## [What needs to be done]
Look below for the line that contains "Download wallpaper Dreams", then copy it and each following line exactly, through and including the line that contains "Intricately designed earrings".

## [Available records]
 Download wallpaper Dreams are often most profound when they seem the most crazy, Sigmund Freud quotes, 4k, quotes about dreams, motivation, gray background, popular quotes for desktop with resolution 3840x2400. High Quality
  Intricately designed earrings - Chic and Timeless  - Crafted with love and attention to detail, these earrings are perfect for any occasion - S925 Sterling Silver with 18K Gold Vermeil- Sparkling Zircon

---

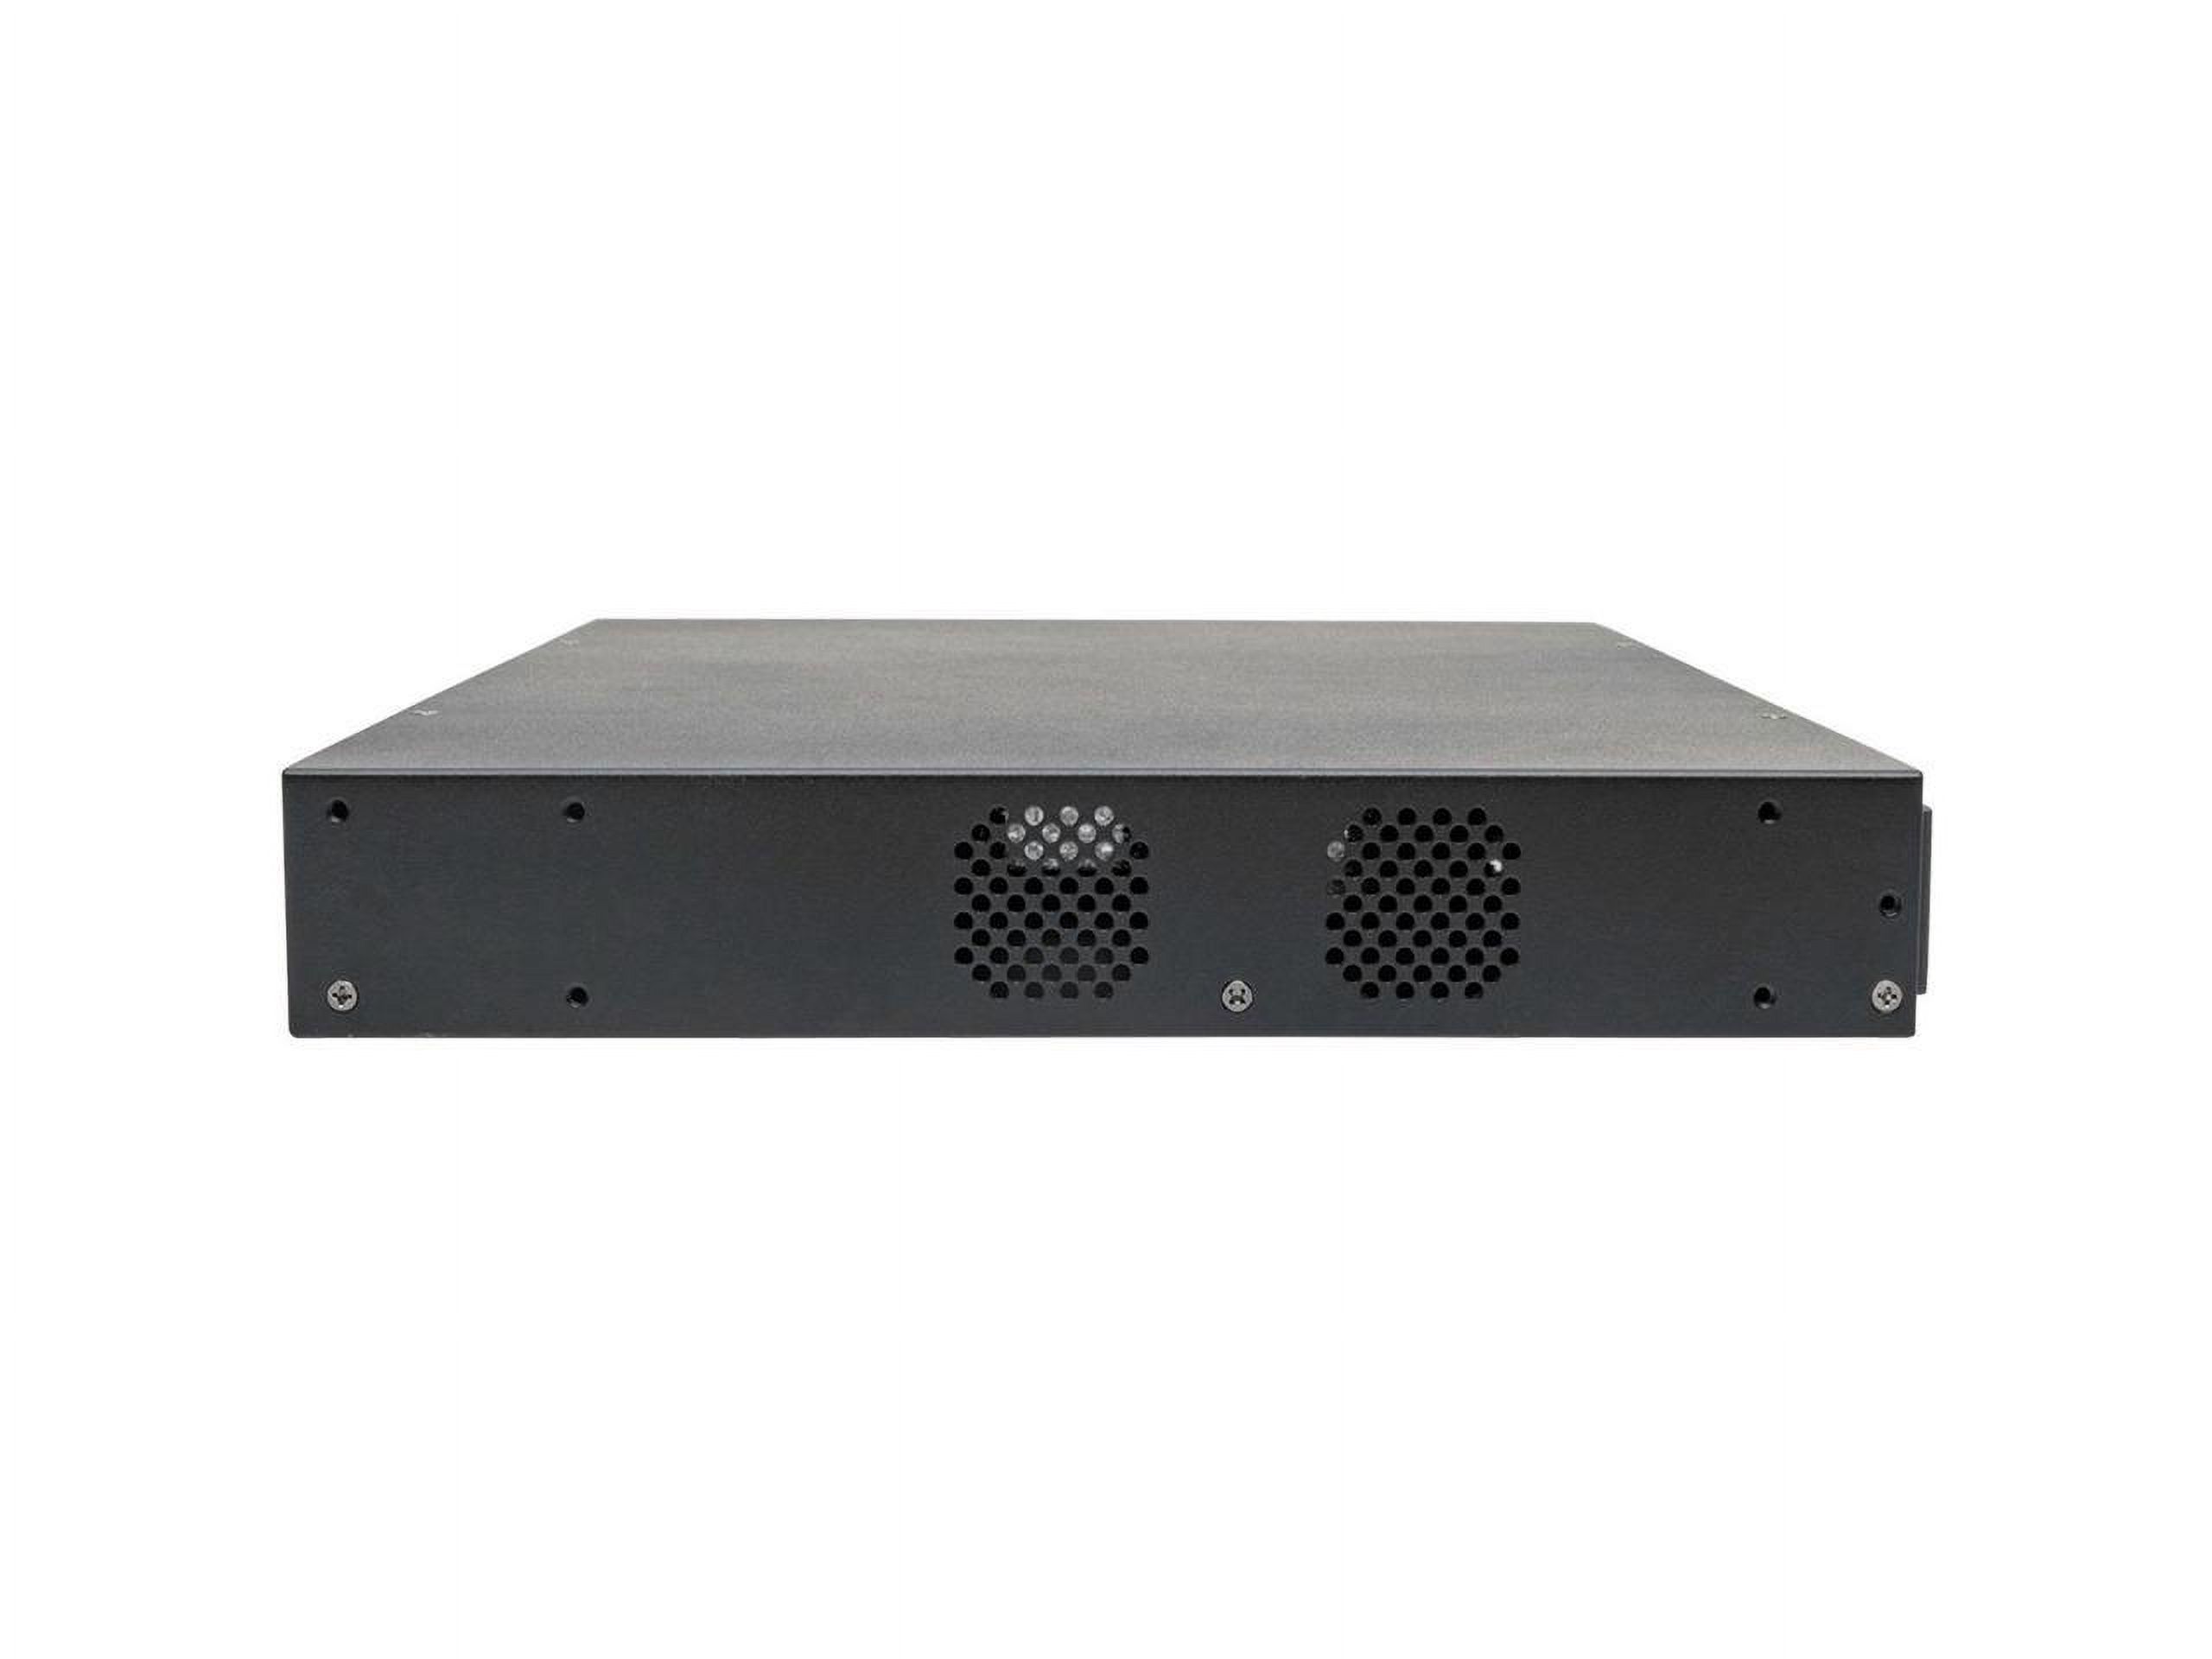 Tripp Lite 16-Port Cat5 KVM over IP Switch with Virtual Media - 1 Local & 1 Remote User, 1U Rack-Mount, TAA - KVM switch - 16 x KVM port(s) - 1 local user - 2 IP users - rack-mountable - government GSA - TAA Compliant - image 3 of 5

## [Output]
 Download wallpaper Dreams are often most profound when they seem the most crazy, Sigmund Freud quotes, 4k, quotes about dreams, motivation, gray background, popular quotes for desktop with resolution 3840x2400. High Quality
  Intricately designed earrings - Chic and Timeless  - Crafted with love and attention to detail, these earrings are perfect for any occasion - S925 Sterling Silver with 18K Gold Vermeil- Sparkling Zircon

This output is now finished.